**What you should do**:
Would you transcribe exactly the lines from the one containing "Sony RX0 II" to the last line of the data below, both ends included, but none of the pictures?

**Information shown**:
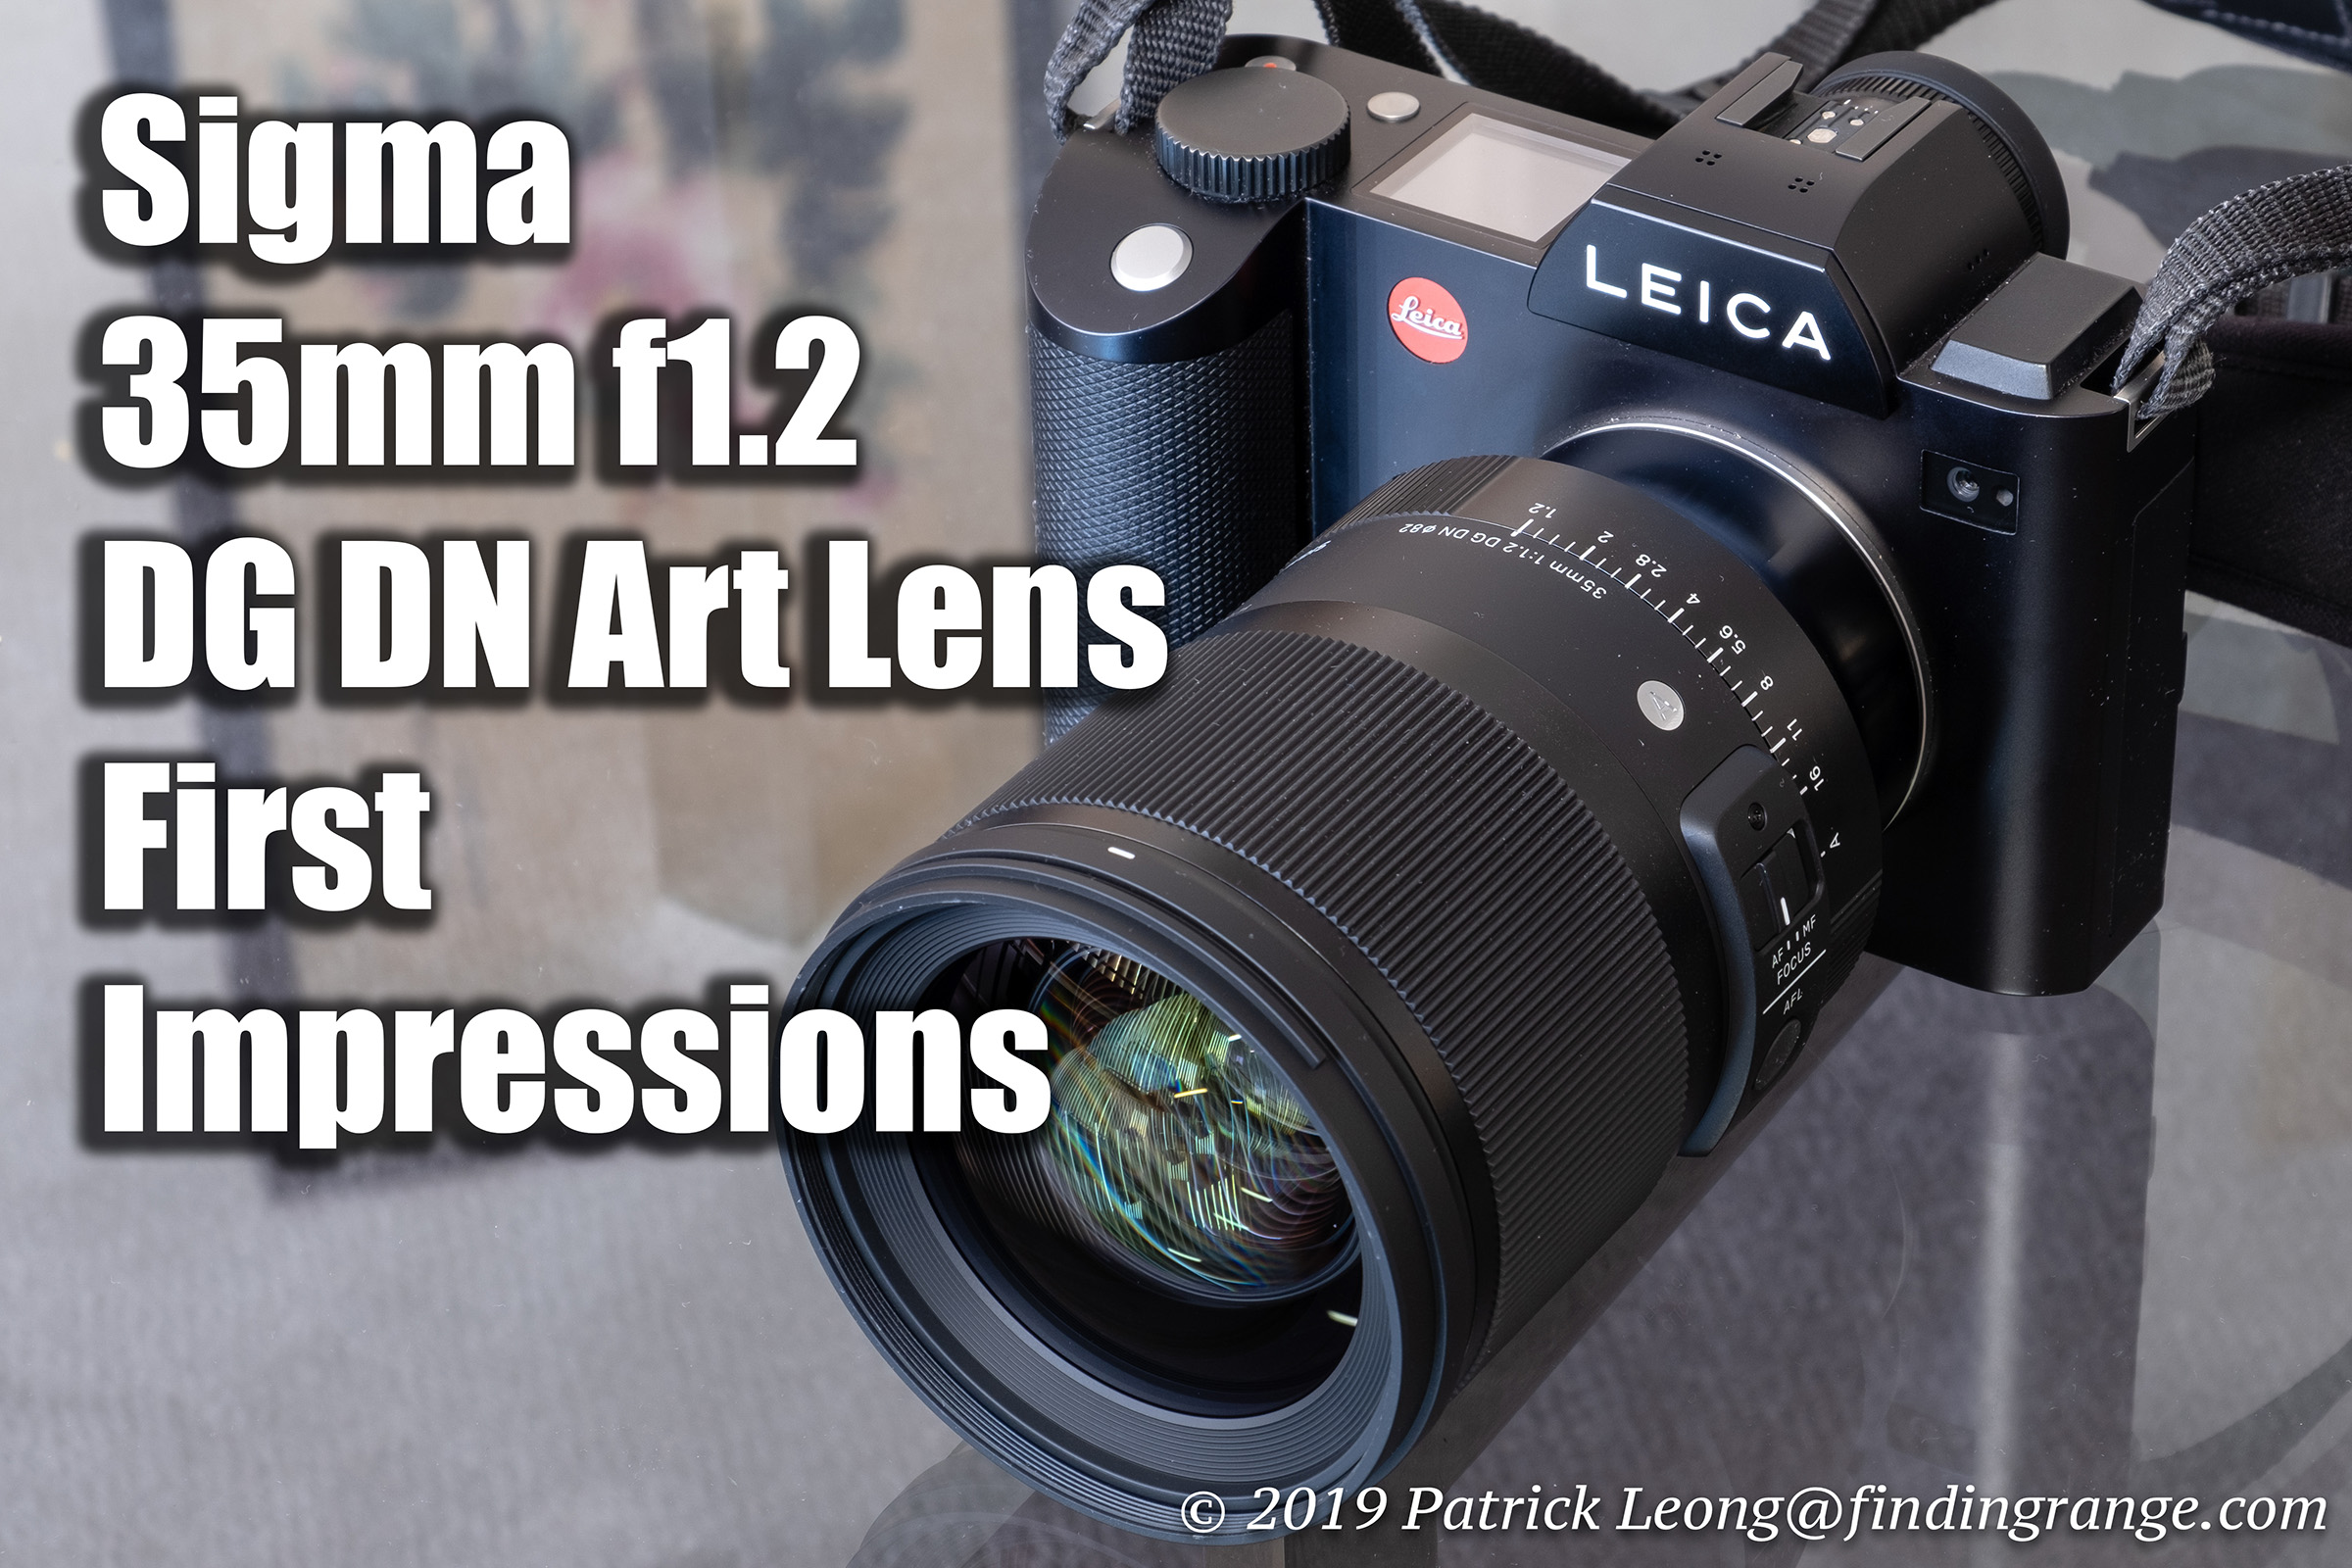 Sigma 35mm f1.2 DG DN Art Lens First Impressions L Mount
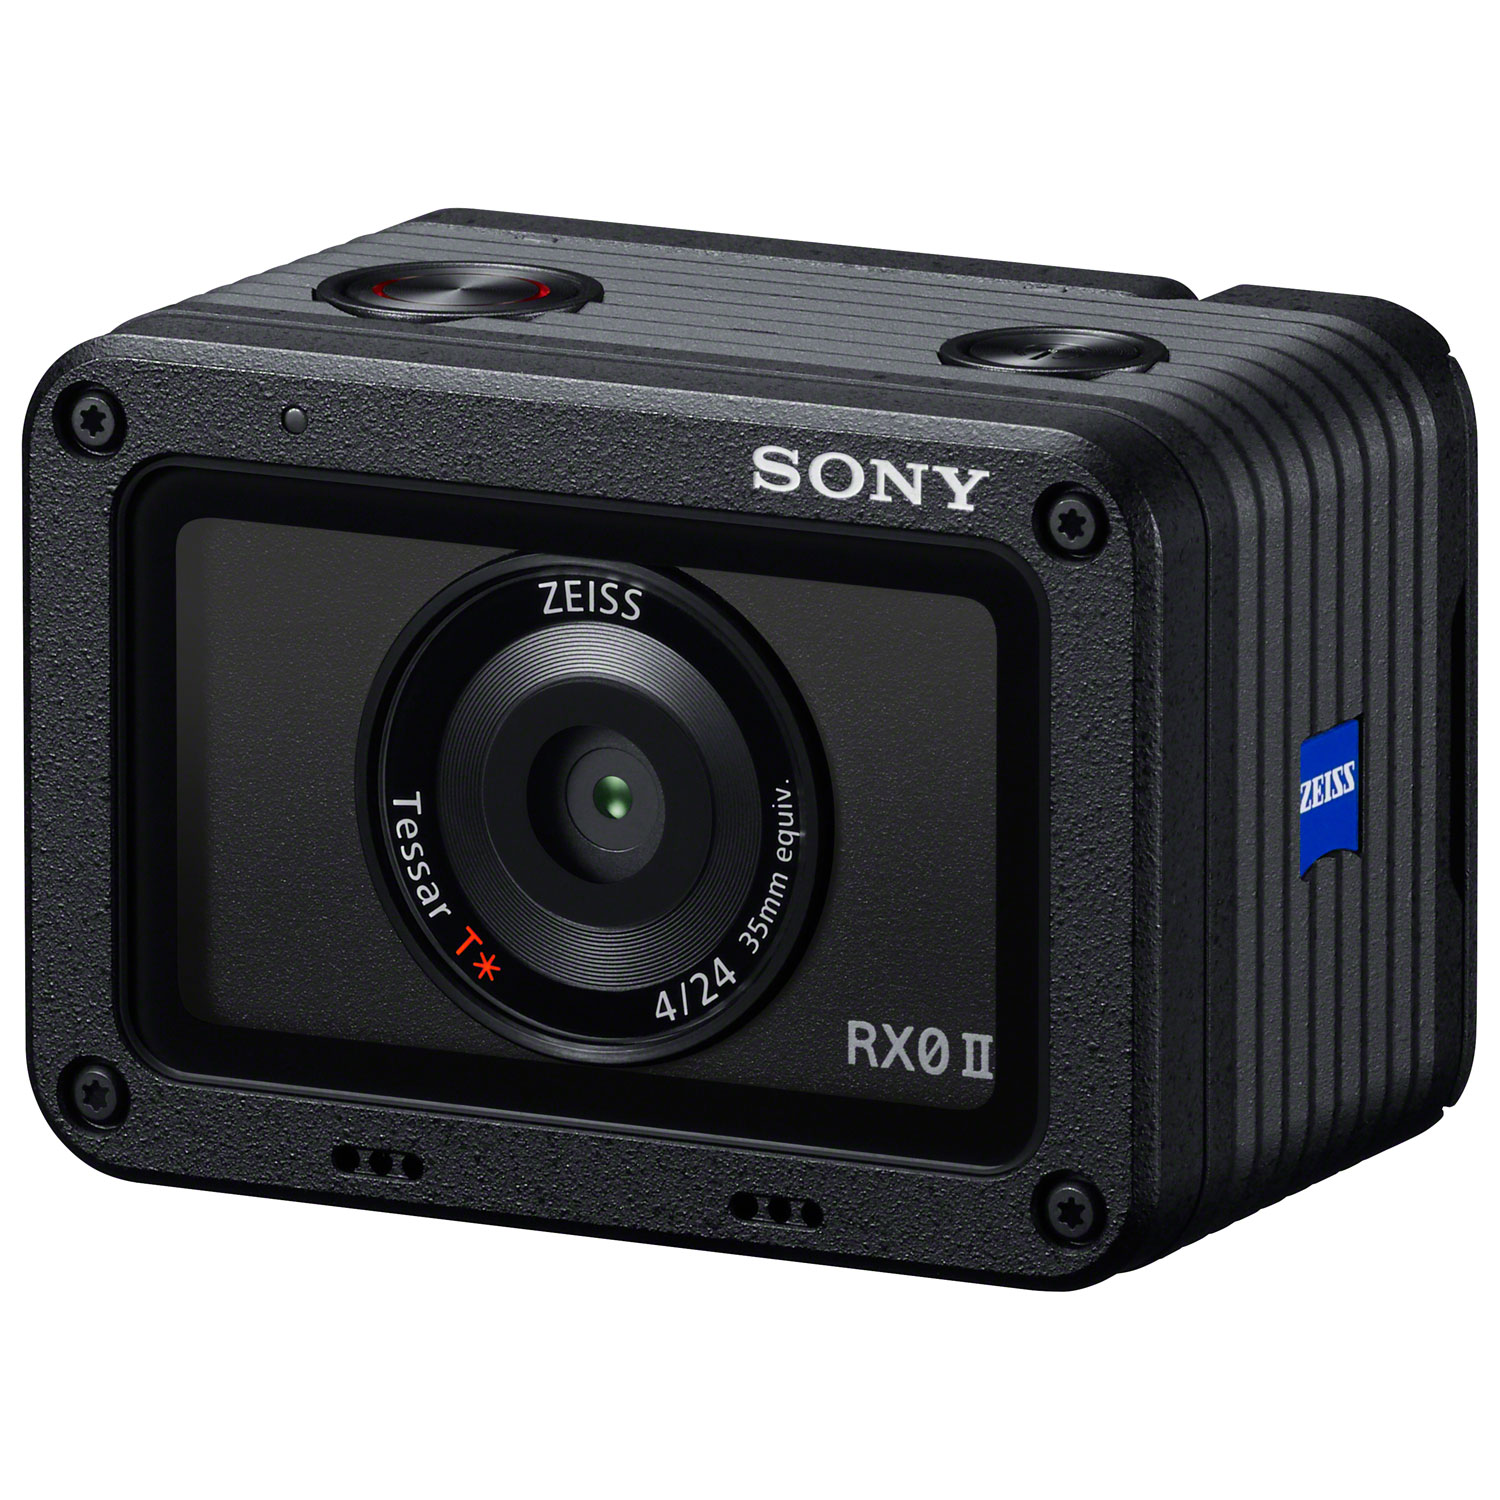 Sony RX0 II 15.3MP Waterproof Advanced Compact Digital Camera
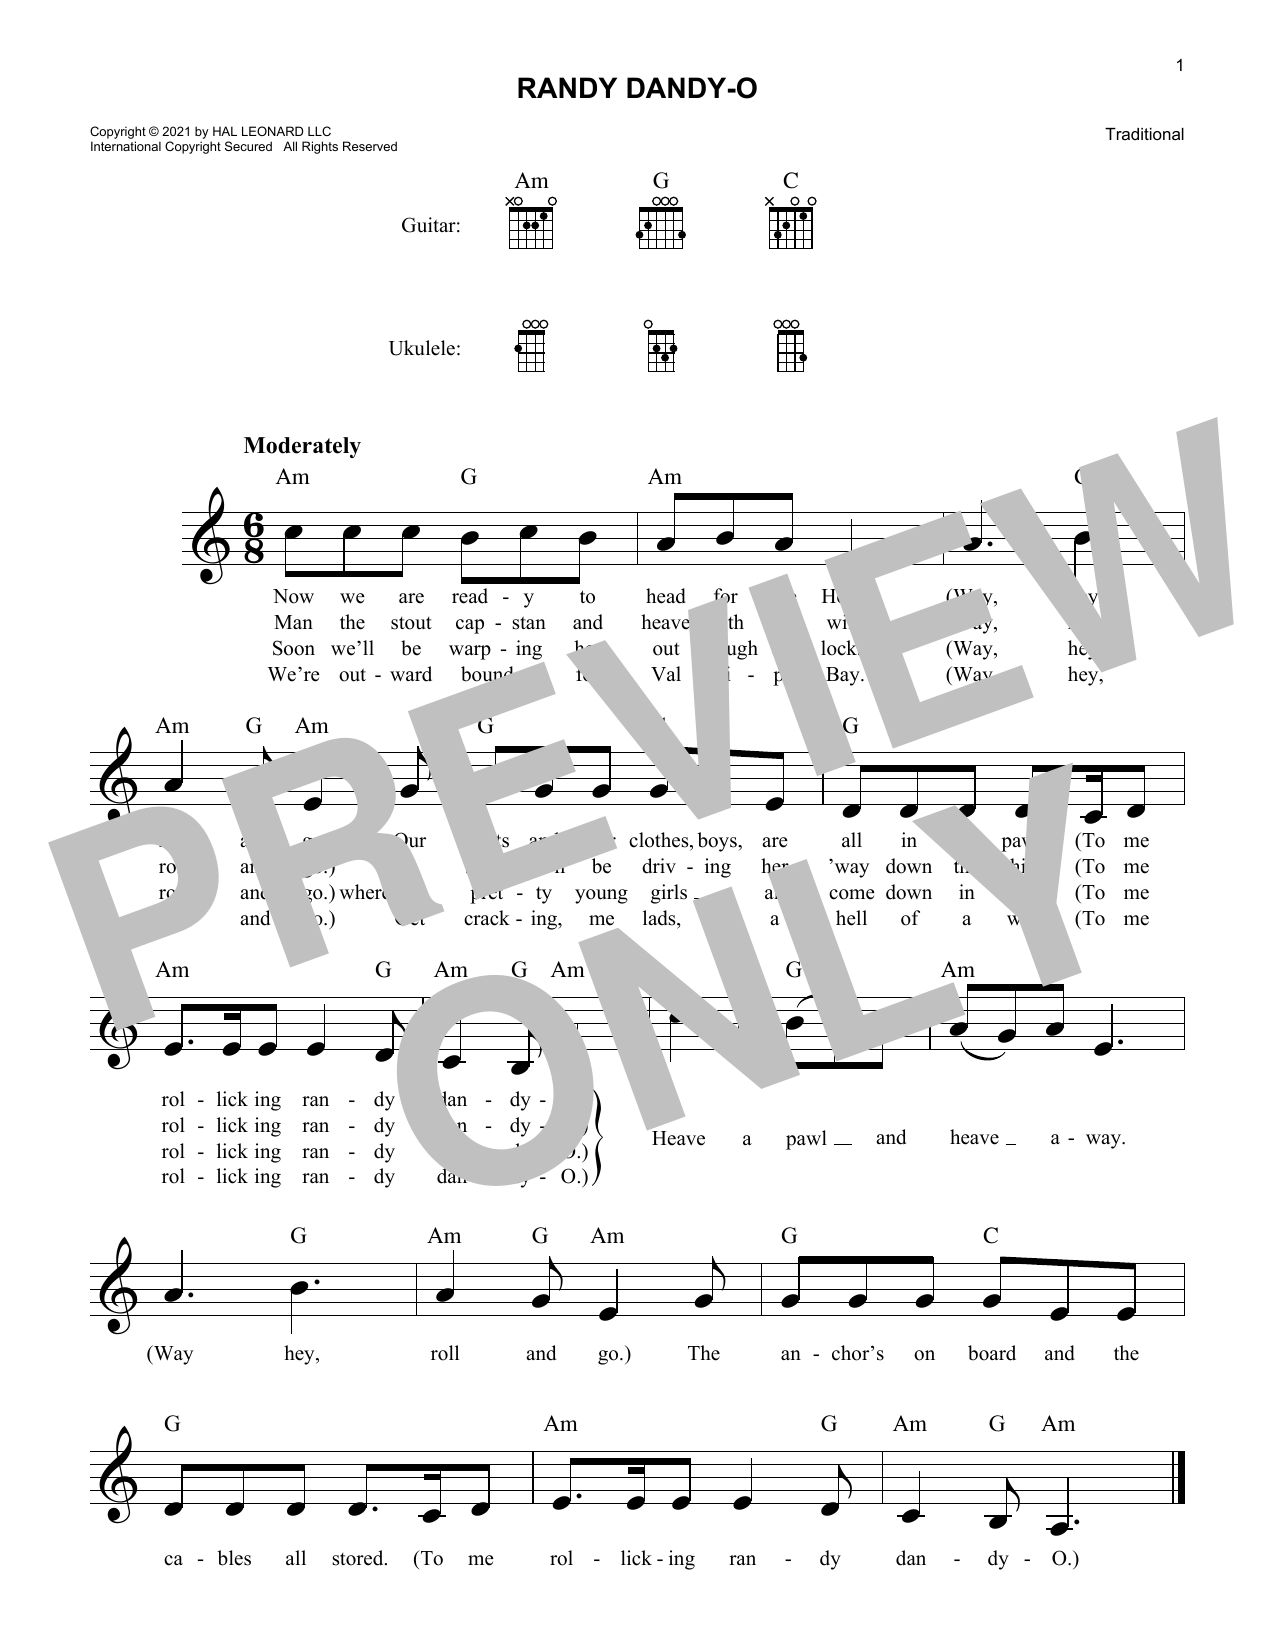 Download Traditional Randy Dandy-O Sheet Music

**Answer area**:
 Sony RX0 II 15.3MP Waterproof Advanced Compact Digital Camera
 Download Traditional Randy Dandy-O Sheet Music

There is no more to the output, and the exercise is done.